We also use **array comprehensions** or **generator expressions**:

In [70]:
rand()

0.8311029316173111

In [71]:
[rand() < 0.5 for i in 1:10]  # array comprehension

10-element Array{Bool,1}:
 false
  true
 false
  true
  true
 false
 false
  true
  true
  true

In [72]:
(rand() < 0.5 for i in 1:10)  # generator expression

Base.Generator{UnitRange{Int64},##19#20}(#19, 1:10)

In [73]:
function walk2(T) 
    right_steps = sum(rand() < 0.5 for i in 1:T)   # generator
    left_steps = T - right_steps
    
    return right_steps - left_steps
end
  
walks(f, N, T) = var(f(T) for i in 1:N)  # generator

walks (generic function with 2 methods)

In [74]:
N = 10^5
T = 10^4

@time walks(walk, N, T)

  2.144858 seconds (42.41 k allocations: 2.246 MiB)


10044.027305037496

In [76]:
@time walks(walk2, N, T)

  6.156844 seconds (300.01 k allocations: 7.630 MiB)


10007.447590365573

In [77]:
function walk3(T) 
    right_steps = sum(rand(Bool, T))   # generator
    left_steps = T - right_steps
    
    return right_steps - left_steps
end

walk3 (generic function with 1 method)

In [79]:
@time walks(walk3, 100000, 10000) 

  2.648700 seconds (100.01 k allocations: 970.459 MiB, 5.82% gc time)


9992.79033009489

In [80]:
function walk4(T) 
    right_steps = sum(bitrand(T))
    left_steps = T - right_steps
    
    return right_steps - left_steps
end

walk4 (generic function with 1 method)

In [81]:
@time walks(walk4, 100000, 10000)  

  0.197461 seconds (643.03 k allocations: 153.388 MiB, 12.65% gc time)


10001.509872583183

Of course, it's *possible* to do these things in C++, but it's certainly much *harder*.

## Look at the data

It is easy to collect data:

In [82]:
walk_data(N, T) = [walk(T) for i in 1:N]

walk_data (generic function with 1 method)

In [83]:
using Plots; gr()

Plots.GRBackend()

In [86]:
data = walk_data(10000, 10000)

histogram(data, bins=100, normed=true, ylim=(0,0.006), xlim=(-300,300))

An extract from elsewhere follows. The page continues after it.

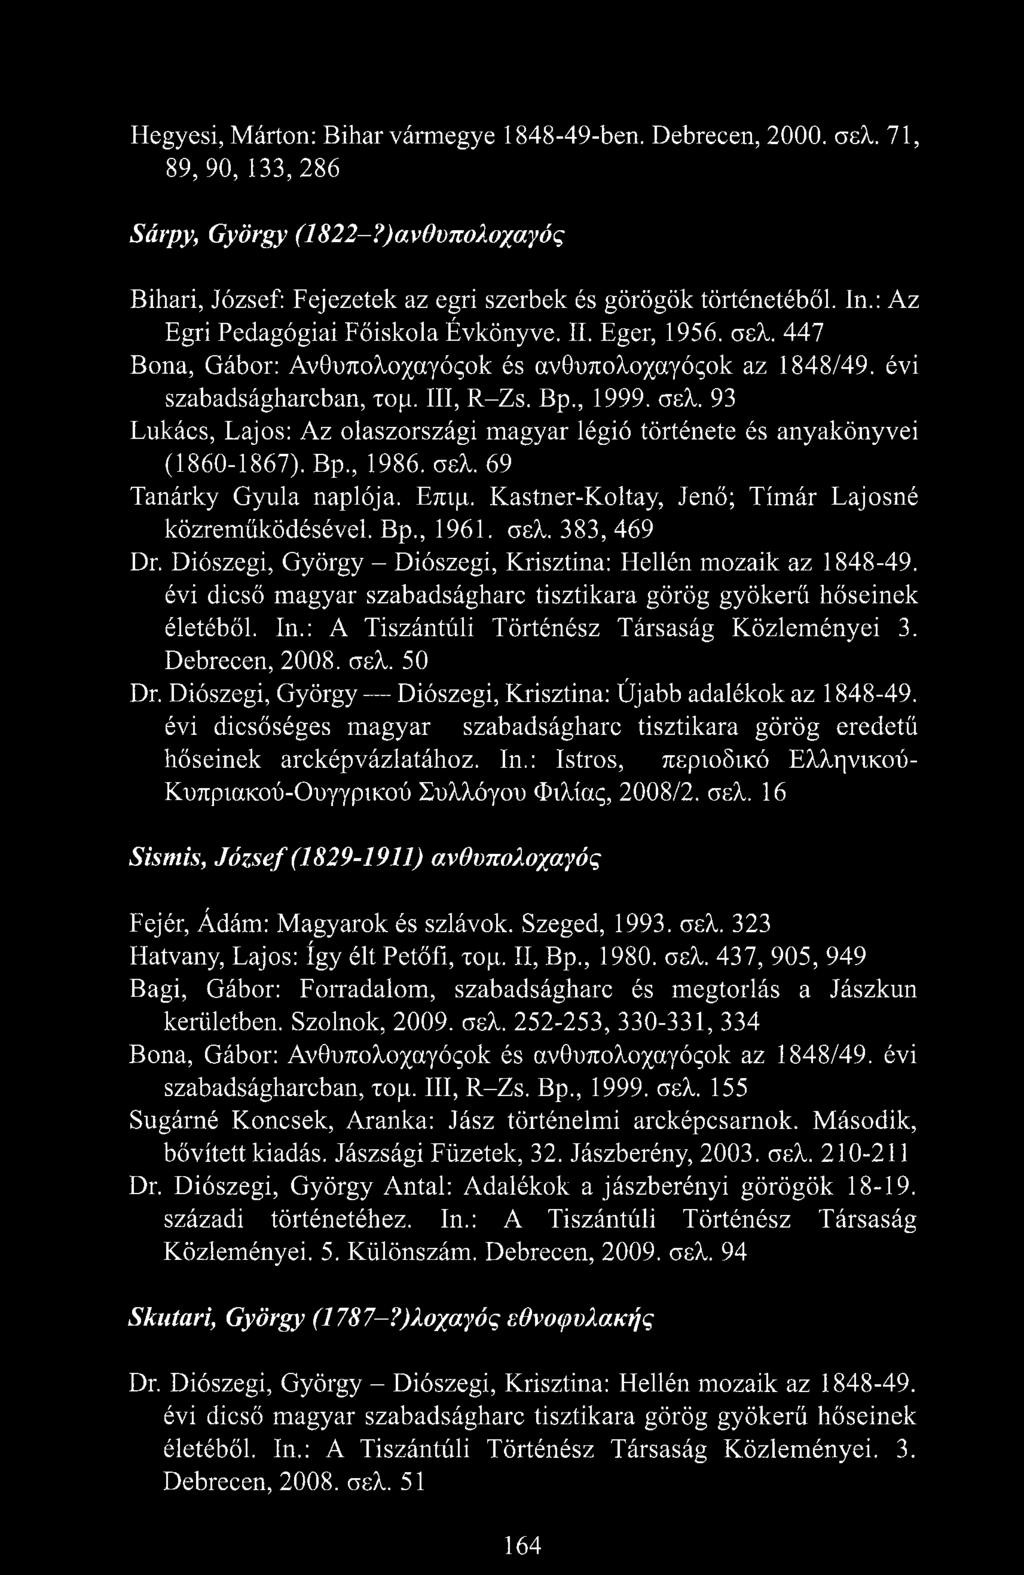 B p, 1986. σελ. 69 Tanárky Gyula naplója. Επιμ. Kastner-Koltay, Jenő; Tímár Lajosné közreműködésével. B p, 1961. σελ. 383, 469 Dr. Diószegi, György - Diószegi, Krisztina: Hellén mozaik az 1848-49.

Let's compare this to the known analytical result: a normal distribution with variance equal to the number of steps:

We can use Unicode variable names and operators:

In [87]:
μ = 0        # type \mu<TAB>
σ = √10000   # type \sqrt<TAB>

100.0

We will use the probability density function (PDF) from the `Distributions.jl` package:

In [41]:
# Pkg.add("Distributions")
using Distributions

In [88]:
histogram(data, bins=100, normed=true, label="data")
plot!(-250:250, x->pdf(Normal(0, σ), x), label="exact", lw=3)  # probability 
xaxis!("distance")

To save the figure, we use `savefig`:

In [89]:
savefig("test.pdf")

Now we can open the file. `;` sends the command to the command line (shell); on Mac, `open` opens the file:

In [90]:
;open test.pdf

## Summary:

- Julia allows us to write **readable** code 

- Julia allows us to calculate **fast**

- **And** interactively visualize our data

- All in one place

# Save the data

Suppose we wish to save our data to a file on disk.

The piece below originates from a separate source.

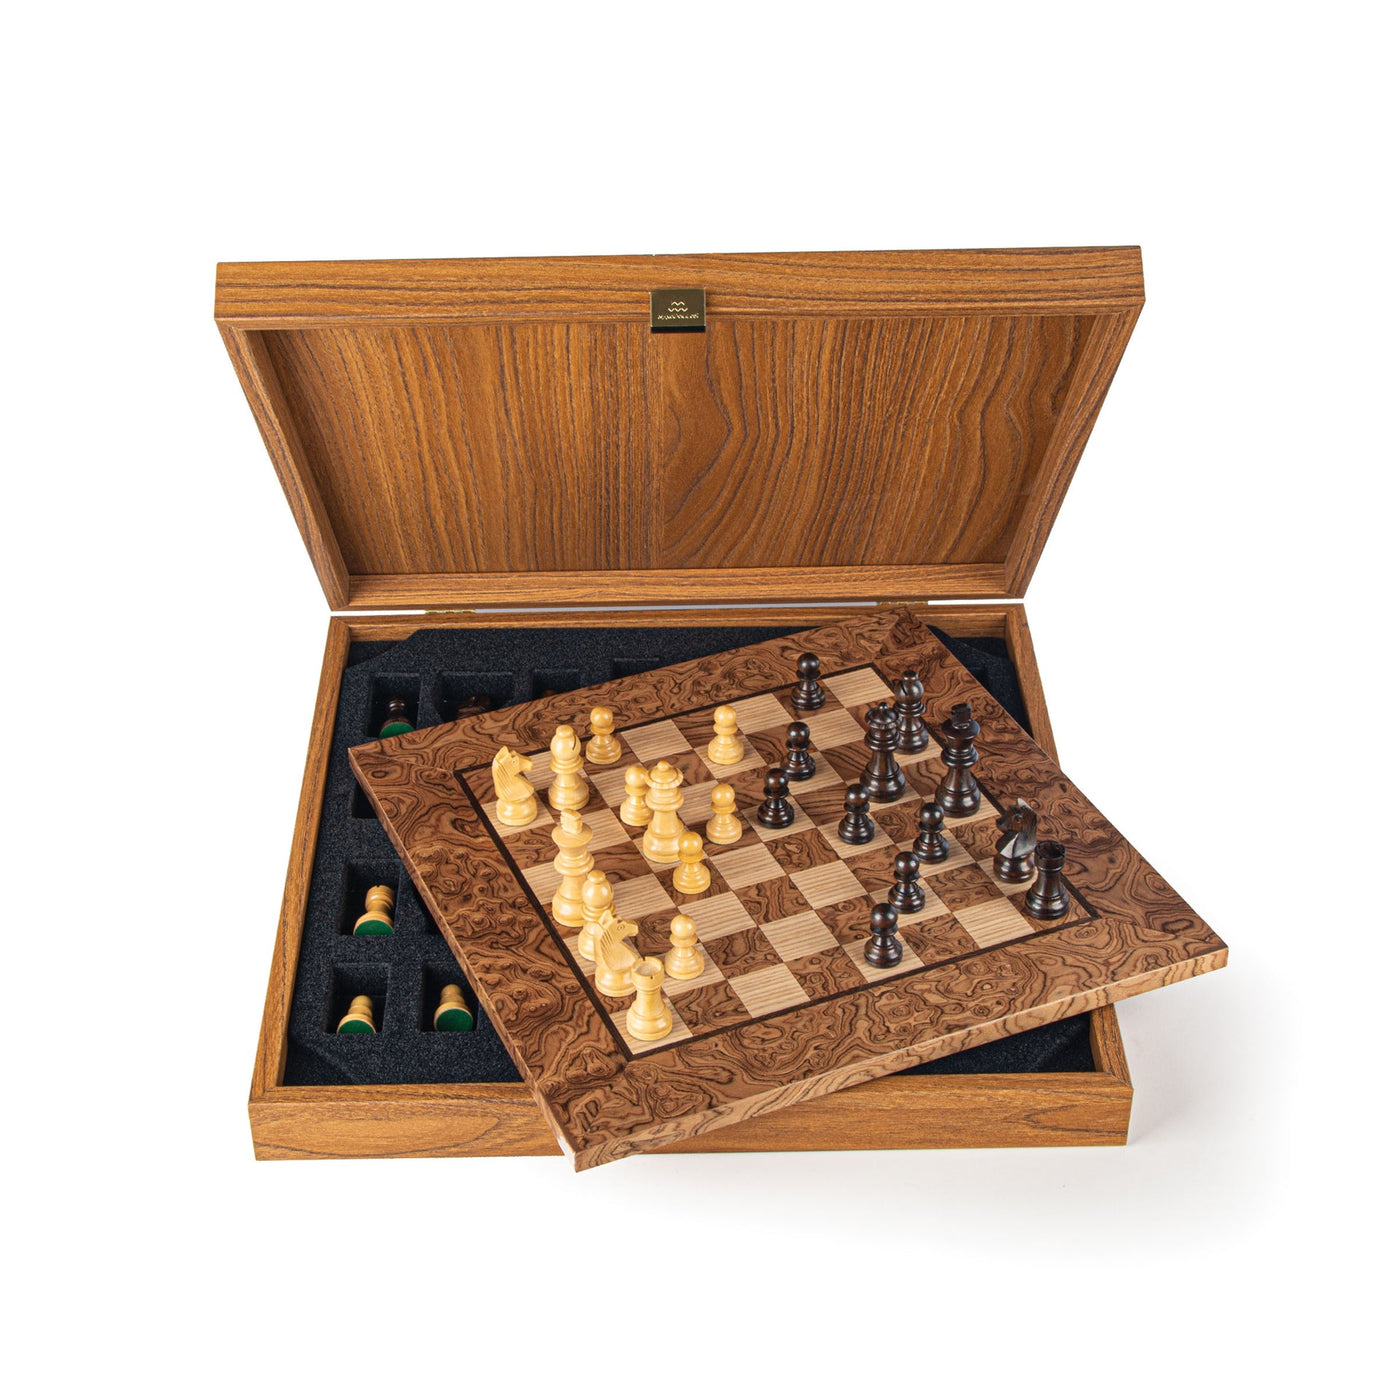 Wooden Chess set Walnut Burl Chessboard 34cm with Staunton Chessmen

The good solution is to use the `JLD.jl` ("JuLia Data") package (which uses the standard HDF5 format underneath). We will also save another variable for illustrative purposes.

In [None]:
# Pkg.add("JLD")

using JLD

In [72]:
i = 17

17

In [73]:
save("random_walk.jld", "final_pos", data, "arbitrary", i)

In [74]:
all = load("random_walk.jld")

Dict{String,Any} with 2 entries:
  "arbitrary" => 17
  "final_pos" => [-20, 56, -24, 136, -26, 46, -100, -60, 14, 160  …  42, 102, -…

The data is read in as a **dictionary**, associating to each variable name its value. We can extract these as

In [75]:
j = all["arbitrary"]

17

Alternatively, we can *read only part of the data file*:

In [77]:
final_pos = load("random_walk.jld", "final_pos")

10000-element Array{Int64,1}:
  -20
   56
  -24
  136
  -26
   46
 -100
  -60
   14
  160
 -108
 -118
  -68
    ⋮
  -76
  110
   42
  102
  -20
   64
   38
    6
   -6
  -24
  124
    4

Note that the type of the data has now been correctly preserved. This is the point of using `JLD`. 

# Workflow: Extract code into a Julia script

Since we have developed a quantity of code in this notebook, it is a good moment to extract the code into a Julia script file, with termination `.jl`, that we edit, e.g. with Juno.

We can then read in the file as if we typed it with

In [None]:
include("random_walk.jl")

Later on, we could make it into a `module` (separate namespace) and then into a Julia pacakge.